Моя сестра покачала головой.
— Угрызения совести! — изрекла она со смаком. — Ты же не верил мне, что она отравила своего мужа. А я теперь совершенно в этом убеждена.
— По-моему, ты нелогична. Уж если женщина пойдет на убийство, у нее хватит хладнокровия воспользоваться его плодами, не впадая в такую сентиментальность, как раскаяние.
— Может, и есть такие женщины, — покачала головой Каролина, — но не миссис Феррар. Это были сплошные нервы. Она не умела страдать и захотела освободиться. Любой ценой. Мучилась оттого, что сотворила. Мне очень жаль ее.
Не думаю, чтобы Каролина испытывала сострадание к миссис Феррар, пока та была жива. Но теперь, когда та уже не могла больше носить парижские платья, Каролина была готова пожалеть ее. Я твердо заявил Каролине, что она несет вздор. Я был тем более тверд, что в душе отчасти соглашался с нею. Однако не годится, чтобы Каролина узнавала истину по какому-то наитию свыше. Ведь она не замедлит поделиться своим открытием со всей деревней, и все подумают, что оно основано на моем медицинском заключении. Жизнь порой бывает очень нелегка.
— Вздор, — ответила Каролина на мои возражения. — Вот увидишь, она оставила письмо, в котором признается во всем.
— Она не оставляла никаких писем, — ответил я резко, не сознавая, к чему приведут мои слова.
— А, — сказала Каролина, — значит, ты об этом справлялся? В глубине души, Джеймс, ты со мной согласен! Ах ты, мой милый старый притворщик!
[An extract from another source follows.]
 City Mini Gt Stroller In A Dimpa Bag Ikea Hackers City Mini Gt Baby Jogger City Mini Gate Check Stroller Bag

— В подобных случаях необходимо рассмотреть и возможность самоубийства, — возразил я.
— Будет следствие?
— Может быть. Но если я смогу с полной ответственностью заявить, что это — несчастный случай, вероятно, следствия не будет.
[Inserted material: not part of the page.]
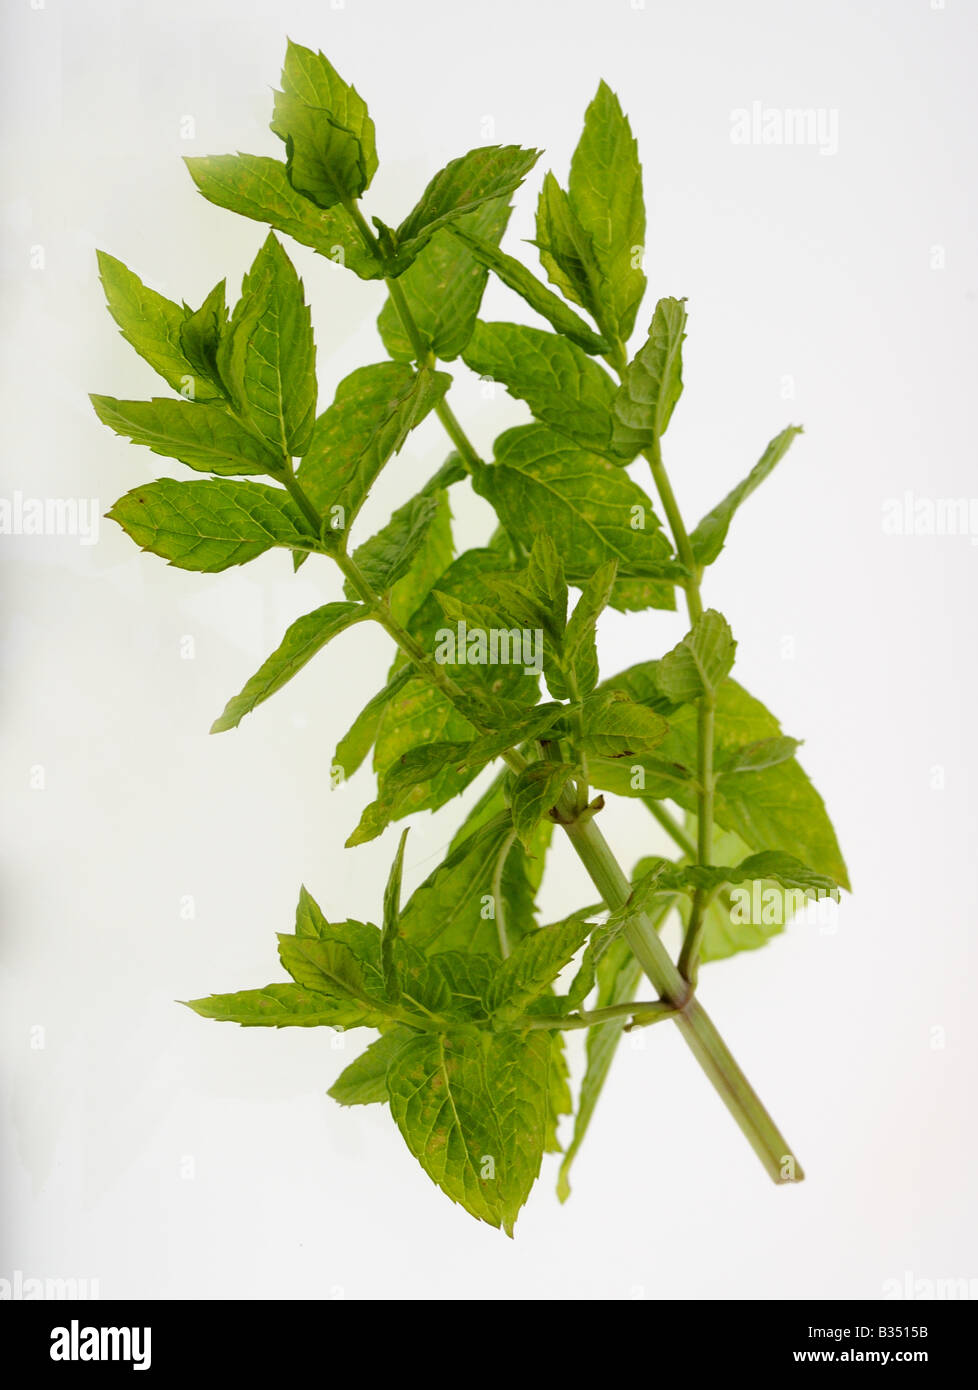 Hierbas Hierbas culinarias menta Mentha viridis, uno de los más populares de las hierbas usadas en la cocina. Foto de stock

— А ты можешь? — спросила Каролина проницательно.
Вместо ответа я встал из-за стола.
Глава 2
Кингз-Эббот и его обитатели
Прежде чем рассказать дальше, следует, пожалуй, дать представление о нашей, так сказать, местной географии. Наша деревня Кингз-Эббот — самая обыкновенная деревня. Наш город — Кранчестер — расположен в девяти милях. У нас большая железнодорожная станция, маленькая почта и два конкурирующих универсальных магазина. Молодые люди покидают деревню при первой возможности, но зато у нас изобилие старых дев и офицеров в отставке. Наши увлечения и развлечения можно охарактеризовать одним словом — сплетни.
В Кингз-Эббот есть только два богатых дома. Один — «Королевская лужайка» — унаследован миссис Феррар от ее покойного мужа. Другой — «Папоротники» — принадлежит Роджеру Экройду. Экройд всегда интересовал меня как законченный образчик деревенского сквайра[167]
. Он похож на одного из тех румяных, спортивного склада джентльменов, которые непременно появляются на фоне зеленой лужайки в первом действии старомодных музыкальных комедий и поют песенку о том, что собираются поехать в Лондон. Теперь на смену музыкальным комедиям пришли ревю, и деревенские сквайры вышли из моды. Впрочем, Экройд, разумеется, вовсе не деревенский сквайр, а весьма преуспевающий фабрикант вагонных колес. Ему пятьдесят лет, он краснолиц и добродушен. Большой друг священника, щедро жертвует на приход (хотя в домашней жизни чрезвычайно скуп), шефствует над крикетными матчами, юношескими клубами, обществом инвалидов, короче говоря — он душа нашей мирной деревни Кингз-Эббот.